Pour accélérer le processus de déplacement, la Première Nation a amorcé la construction d'une route vers le nouveau lieu. Mais une aide financière de 90 millions de dollars sera nécessaire pour l’étendre jusqu’au lieu choisi.

Des centaines de millions de dollars supplémentaires seront nécessaires pour reconstruire la nouvelle communauté de Kashechewan.

Une route de terre battue au milieu d’un lieu bordé de sapins.

La Première Nation de Kashechewan a commencé la construction de la route entre la collectivité actuelle et le site 5, mais elle a besoin de l’aide du gouvernement fédéral pour couvrir une partie du coût, estimé à environ 90 millions de dollars.

Photo : Radio-Canada / Erik White

Le chef Leo Friday espère convaincre le gouvernement d’accélérer la réinstallation de la communauté. Ce sera triste si ça prend un autre dix ans. Voyez ce que nous avons perdu déjà.

Stephane Friday, membre du conseil de bande de la Première Nation de Kashechewan, a récemment visité le nouvel emplacement.

Portrait d'un homme.

Stephane Friday est conseiller de bande à Kashechewan et est également le planificateur communautaire qui dirige les plans de la nouvelle collectivité au site 5.

Photo : Radio-Canada / Erik White

J’ai une vision de notre communauté établie ici et de beaucoup de possibilités pour nos membres, affirme-t-il.

Ils n'auraient plus à subir les évacuations printanières annuelles en raison des crues.

Le chef adjoint Hosea Wesley s'est joint à Stephane Friday : Je suis très enthousiaste pour la jeune génération qui aura un endroit sécuritaire pour vivre.

Un homme sur une embarcation.

Le chef adjoint de Kashechewan, Hosea Wesley, sur la rivière Albany, en route vers l'emplacement futur de la collectivité au site 5.

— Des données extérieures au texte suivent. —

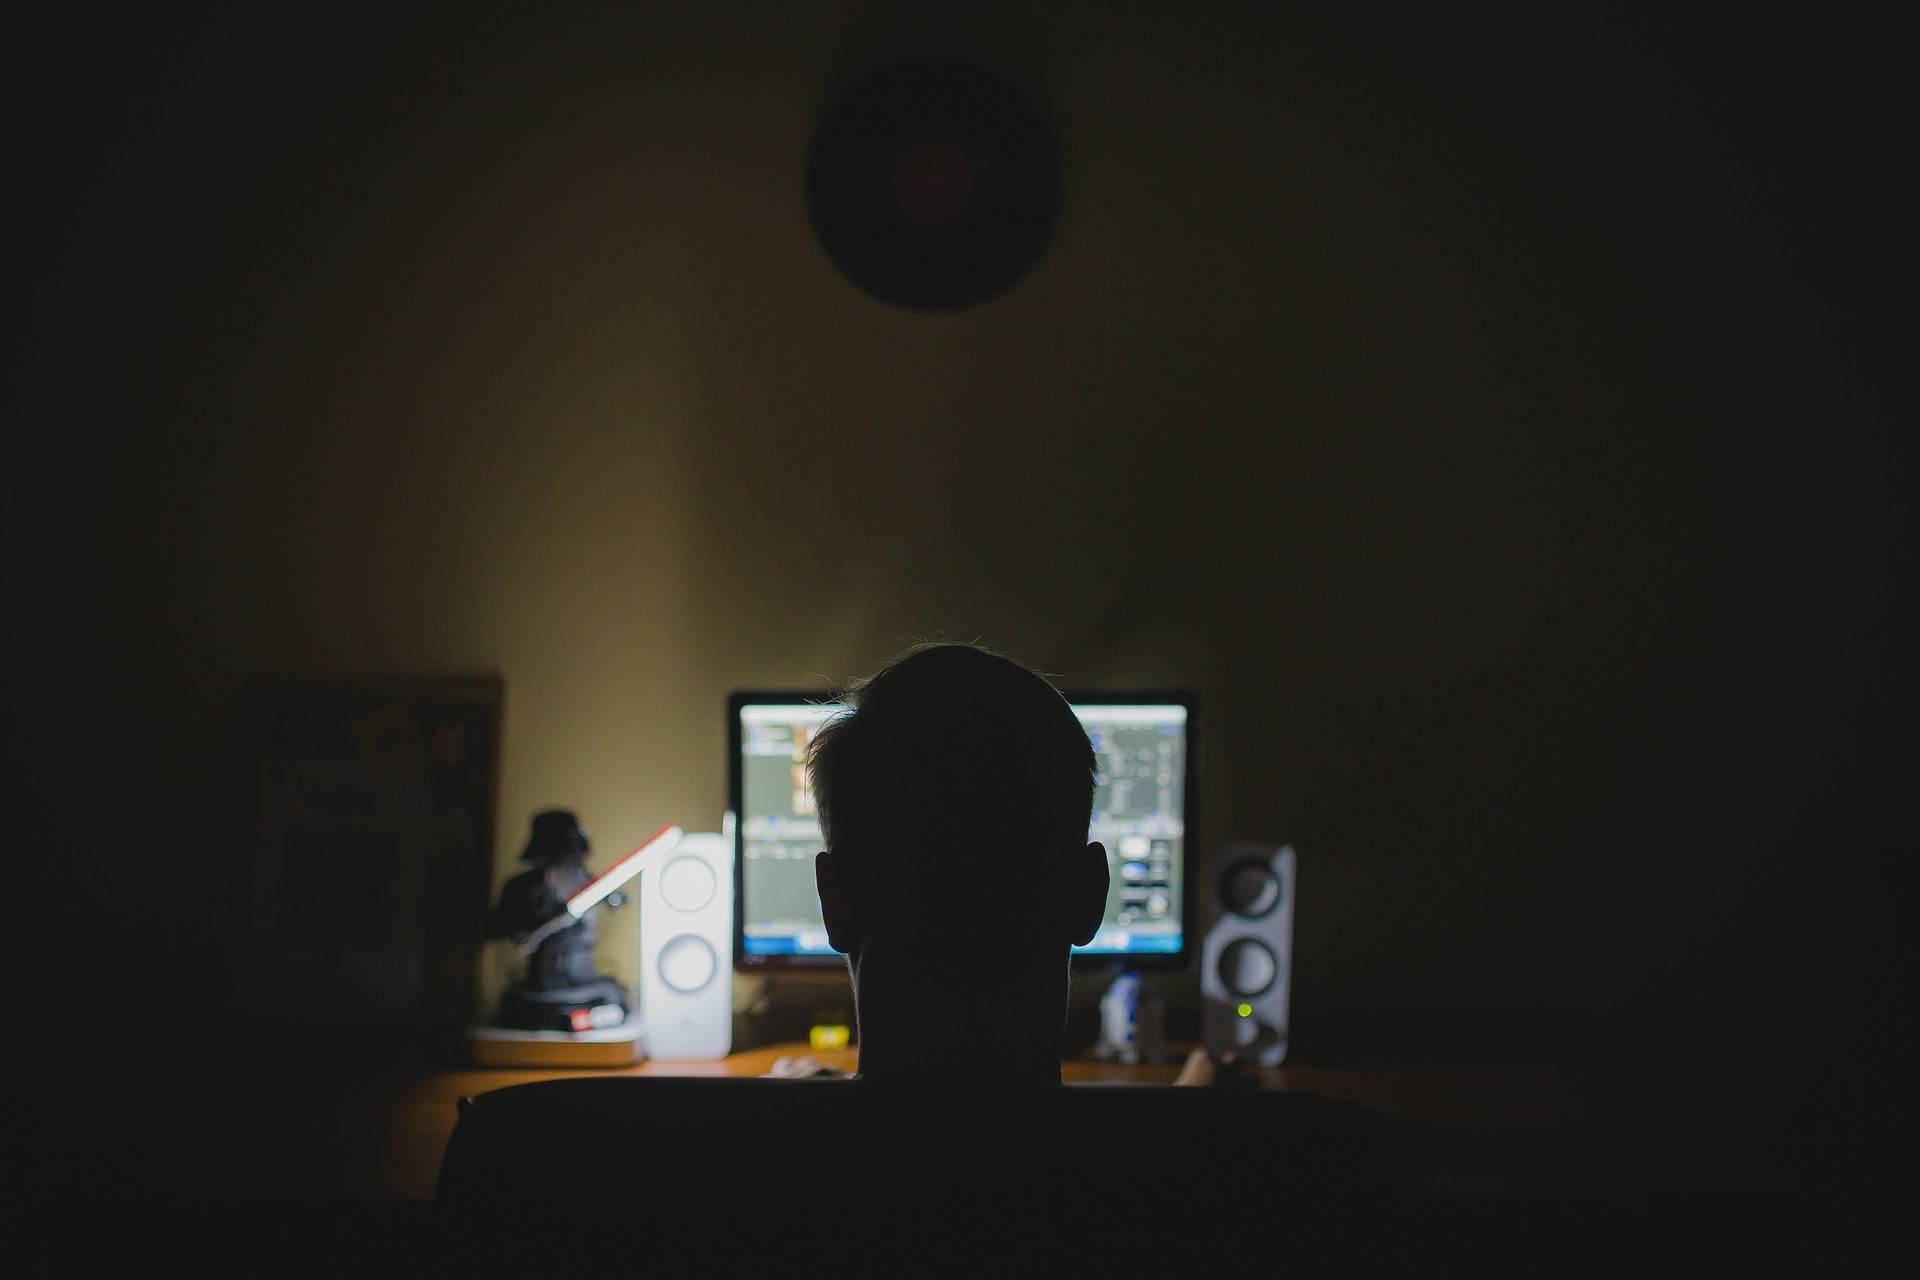 Firefox es el navegador más seguro según la agencia alemana de ciberseguridad

Photo : Radio-Canada / Erik White

Mais beaucoup de travail reste à faire, notamment des négociations complexes pour étendre les frontières de la Première Nation afin qu'elles englobent le nouvel emplacement.

Il s'agit actuellement de terres de la Couronne appartenant au gouvernement de l'Ontario, et les négociations devraient inclure la Première Nation voisine de Fort Albany, qui, 60 ans après la séparation en deux de la collectivité, partage toujours les terres de la réserve avec Kashechewan.

Une rivière.

Vue de la rivière Albany du haut de la rive au site 5, où la nouvelle collectivité de Kashechewan doit être construite.

Photo : Radio-Canada / Erik White

À la vue de ces obstacles, certains dans la communauté, comme James Wesley, doutent si Kashechewan sera vraiment réinstallé un jour : Je ne crois pas [que ce sera durant] ma vie, non. Dans 15 ou 20 ans, je serai probablement mort à ce moment-là.

La communauté continue de faire pression sur le gouvernement fédéral pour qu'il respecte son engagement, le plus rapidement possible.